Aqui há 2 elementos a considerar: se a emenda 59/09 constitucionalizou o dispositivo denominado Sistema Nacional de Educação, o que isto significa: um conceito que traz uma novidade ou um conceito que abraça sob outro nome o mesmo já existente ? Se há um novo, em que ele consiste ? Decorre daí os modos operatórios pelos quais dar-se-á vida ao conceito por meio de redefinições em áreas a serem efetivadas pelo regime de colaboração. Aqui entram assuntos como conteúdos mínimos nacionais imperativos, dispositivos curriculares e avaliações. Entram definições dadas pelo Conselho Nacional de Educação quanto à normatização da LDB: quais são imperativas, quais são autorizativas? A atual composição do CNE responde a um novo conceito de Sistema Nacional? Quais os limites da regulação em torno das redes privadas?
A CONAE 2010 mobilizou os educadores e a maioria dos sistemas, especialmente os municipais. Dele pode-se dizer que houve a sensibilização para o Sistema Nacional, vingando na emenda constitucional 59/09 e houve a constituição do Fórum Nacional de Educação como órgão consultivo e apoiador do novo CONAE. E agora a participação, ainda mais mobilizadora, não pode ser frustrada em relação a um modo operatório do SNE.

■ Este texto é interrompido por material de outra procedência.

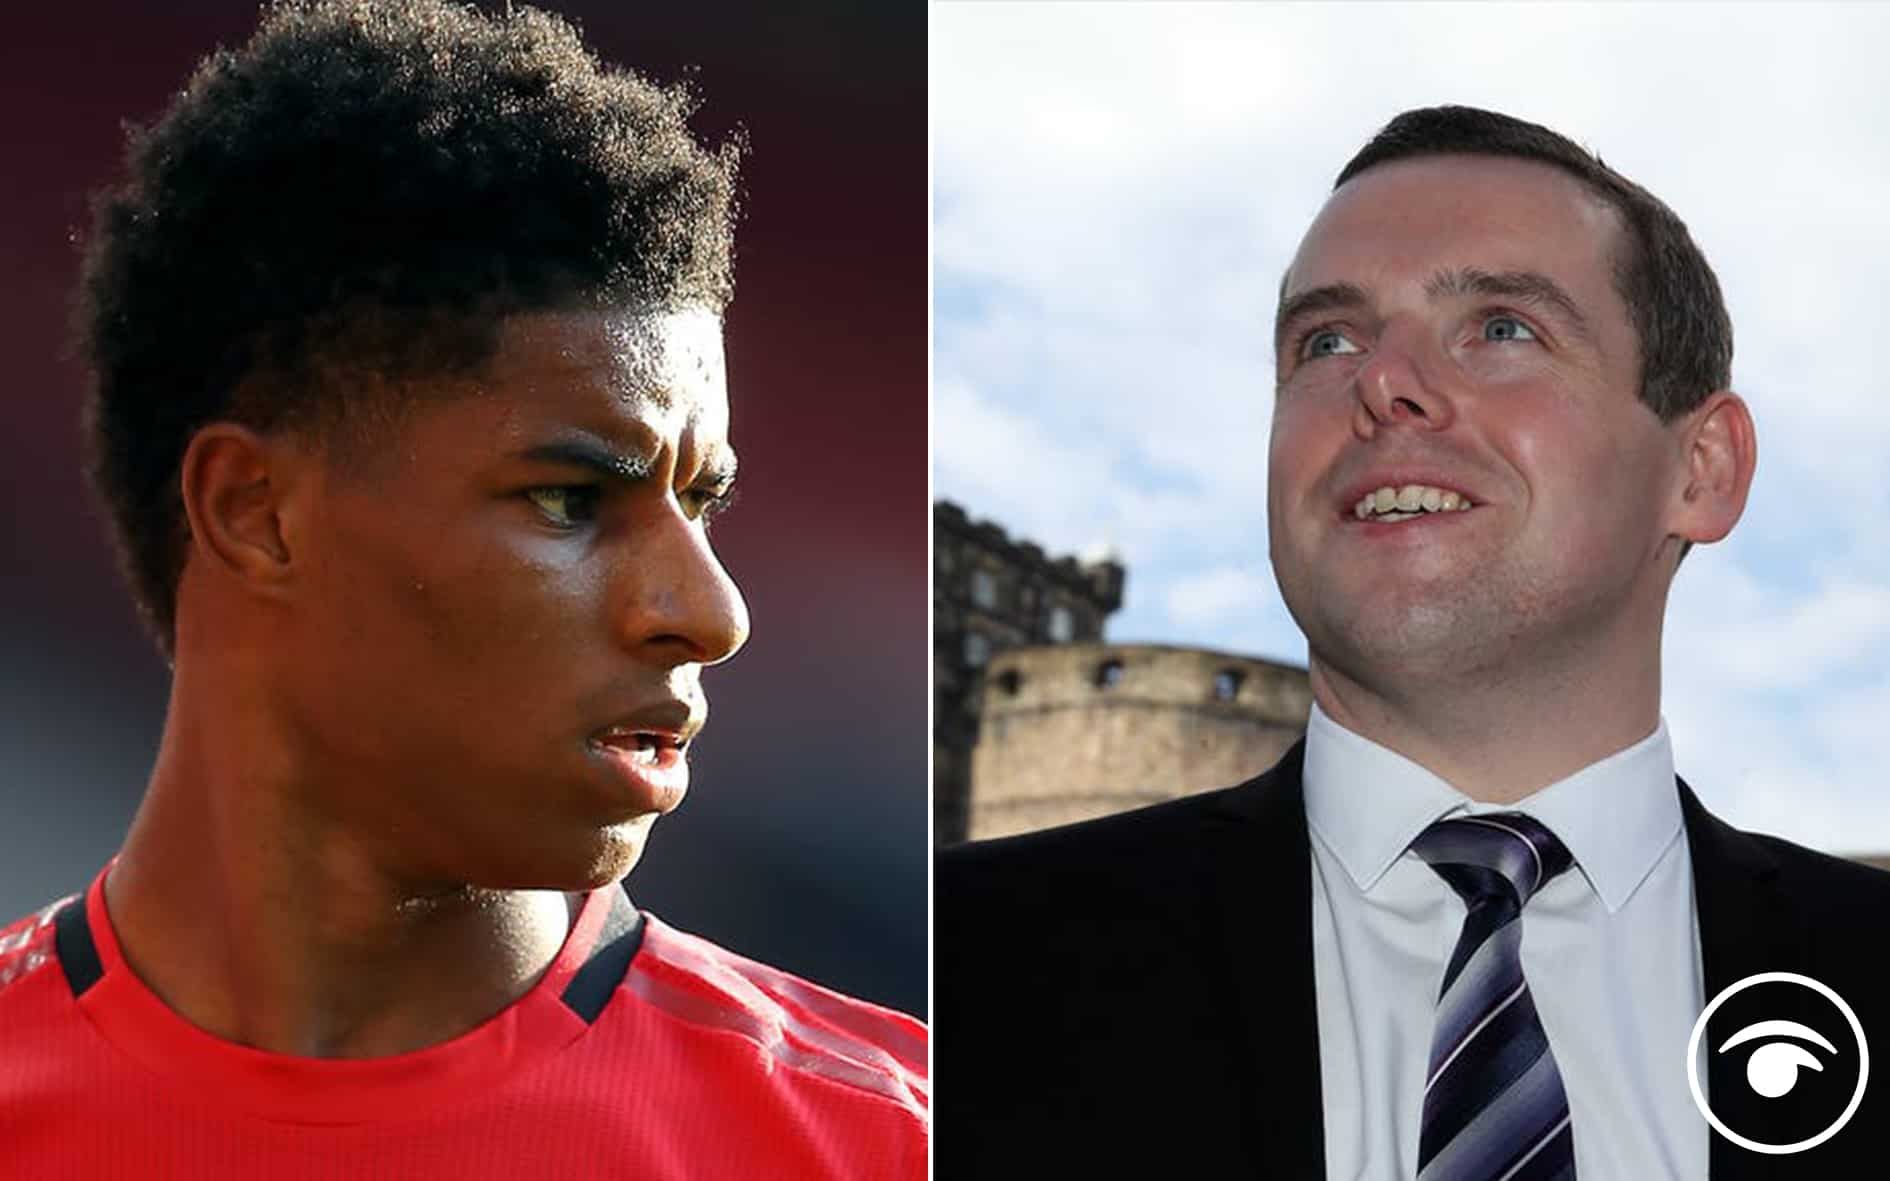 Brass neck Ross calls on SNP to follow in Rashford’s “classy footsteps” on free school meals

Qual a importância de algumas das atuais demandas relativas às políticas de valorização dos profissionais da educação, como o cumprimento da Lei do Piso do Magistério, a criação de um plano de carreira e o cumprimento do terço da hora-atividade em atividades extra-classe?

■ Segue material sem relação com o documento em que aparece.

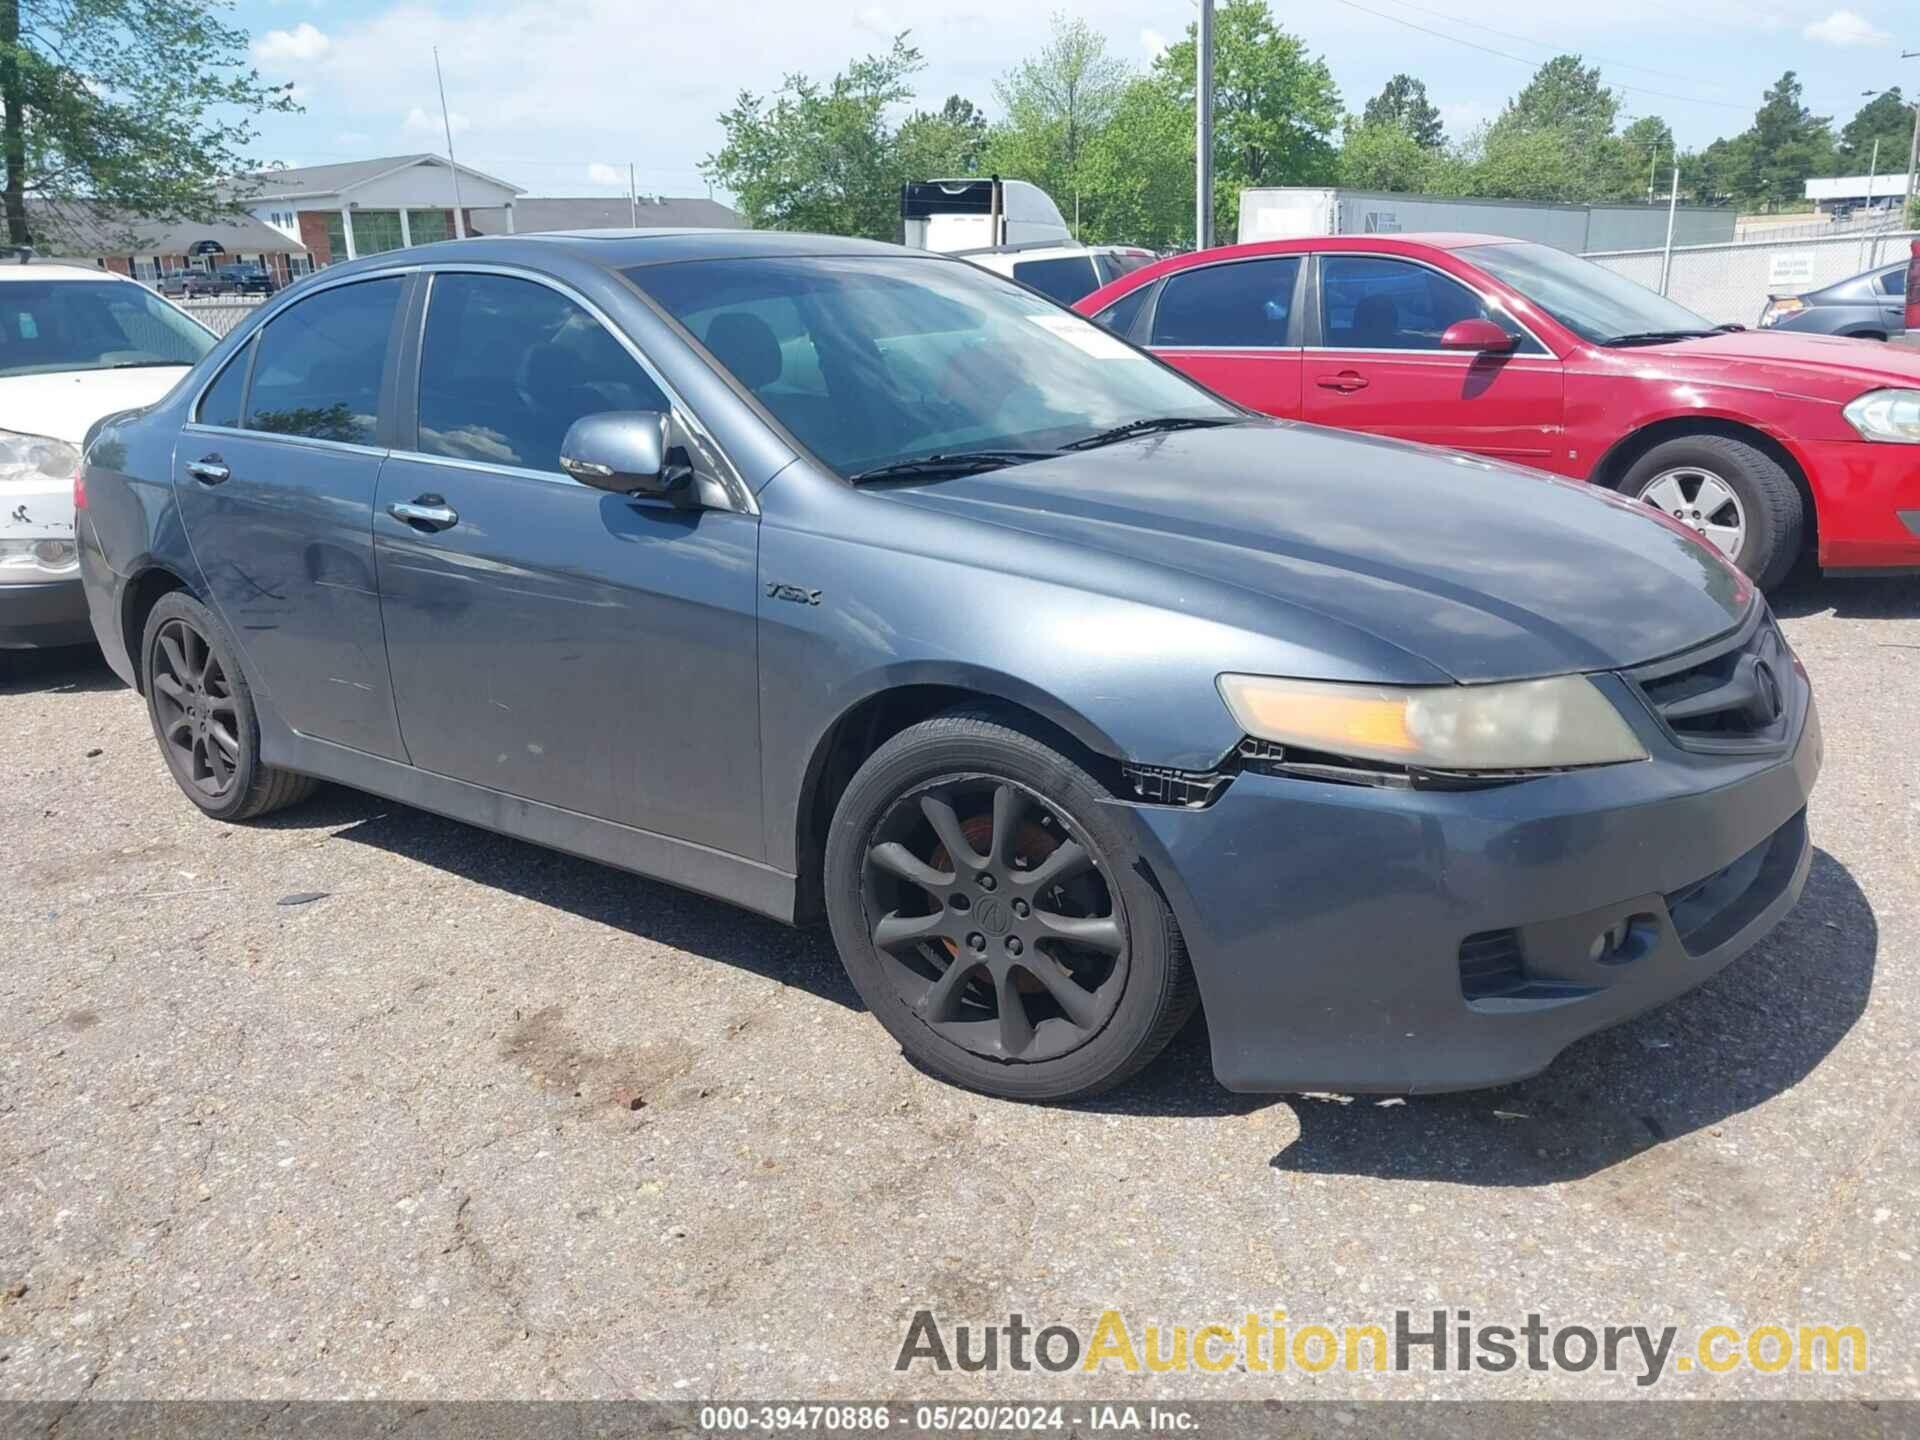 ACURA TSX, JH4CL96856C033359

O conjunto da lei do piso se alia ao Conselho Nacional, ao Fórum Nacional, ao FUNDEB e às avaliações, todos dispositivos com caráter nacional.
Onde reside o problema do piso? Todos, hoje, reconhecem sua necessidade e urgência como um plano de cargos e carreira e um tempo dedicado ao trabalho escolar voltado para o exercício do ato docente em sala. O problema reside no fato real de que o piso está tendo que se adaptar aos diferentes modos de carreira existentes nos entes federativos. Eles são muito distintos e aí é que deveria entrar a função supletiva da União em compensar as dificuldades financeiras até que se estabeleçam diretrizes nacionais comuns mínimas para todos os entes federativos à luz das quais se fariam as redefinições nas carreiras dos Estados e Municípios. Isso só uma mesa interfederativa poderá dar conta, dada a complexidade do assunto.

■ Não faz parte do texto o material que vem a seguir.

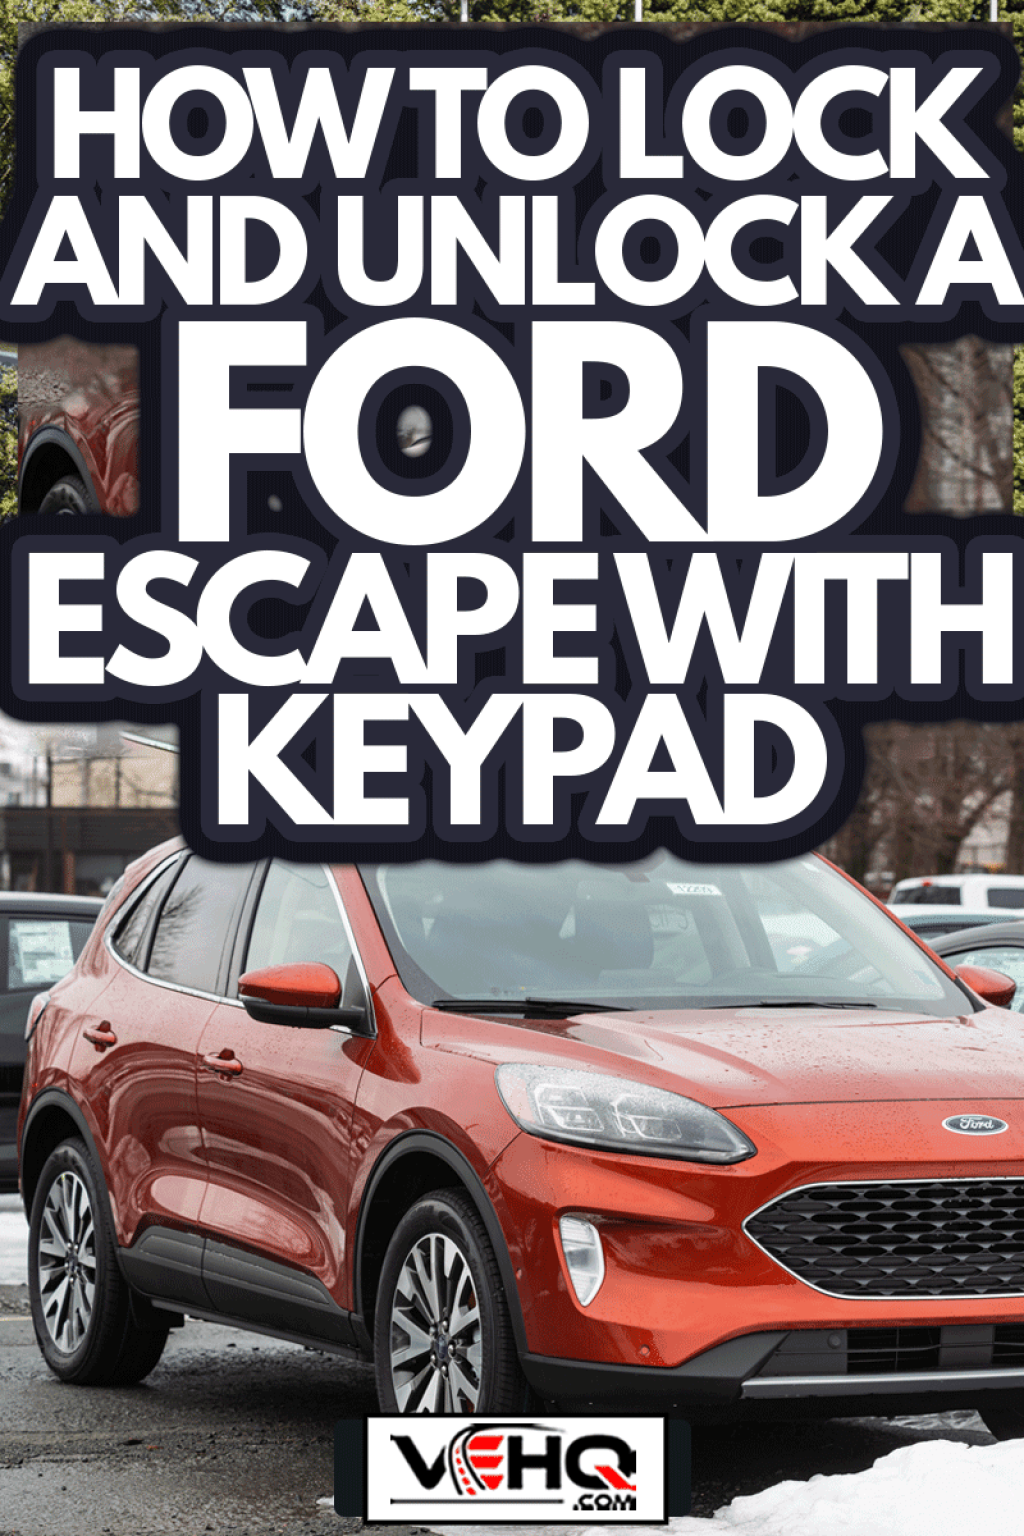 Picture of: How To Lock And Unlock A Ford Escape With Keypad

Assim, excetuado o salário do piso, o mais deveria conhecer um caminho de transição, fruto de um consenso mais amplo.
Na mídia coloca-se o problema de educação brasileira como sendo basicamente falta de verba. Por outro lado, percebe-se uma desarticulação entre as diversas esferas da educação pública brasileira. A seu ver, qual a postura e o pensamento que devem nortear essas discussões, afim de alcançarmos resultados concretos?
O lado conservador da luta em torno da insuficiência de recursos proclama que eles são mal geridos e carentes de avaliação. E insistem na avaliação de desempenho dos docentes. O lado corporativo insiste na insuficiência de recursos e topa a avaliação desde que haja melhoria das condições. Ambos os lados concordam com a formação permanente e continuada. É preciso reconhecer que a falta de verbas vêm prejudicando de modo significativo a maior atração para a carreira e trazendo uma radiografia de desânimo dos que atuam na docência. Por outro lado, as avaliações vieram e vieram para ficar. Elas são necessárias, porém devem ser repensadas. O problema é que os sucessivos governos se distanciaram de tal modo do "chão da escola", os docentes foram se tornando desanimados com tanta descontinuidade de políticas e de programas, que só os movimentos sindicais deram voz a estes profissionais. Sem recuperar um campo de diálogo e de negociação, fica difícil não ver a continuidade desse dualismo.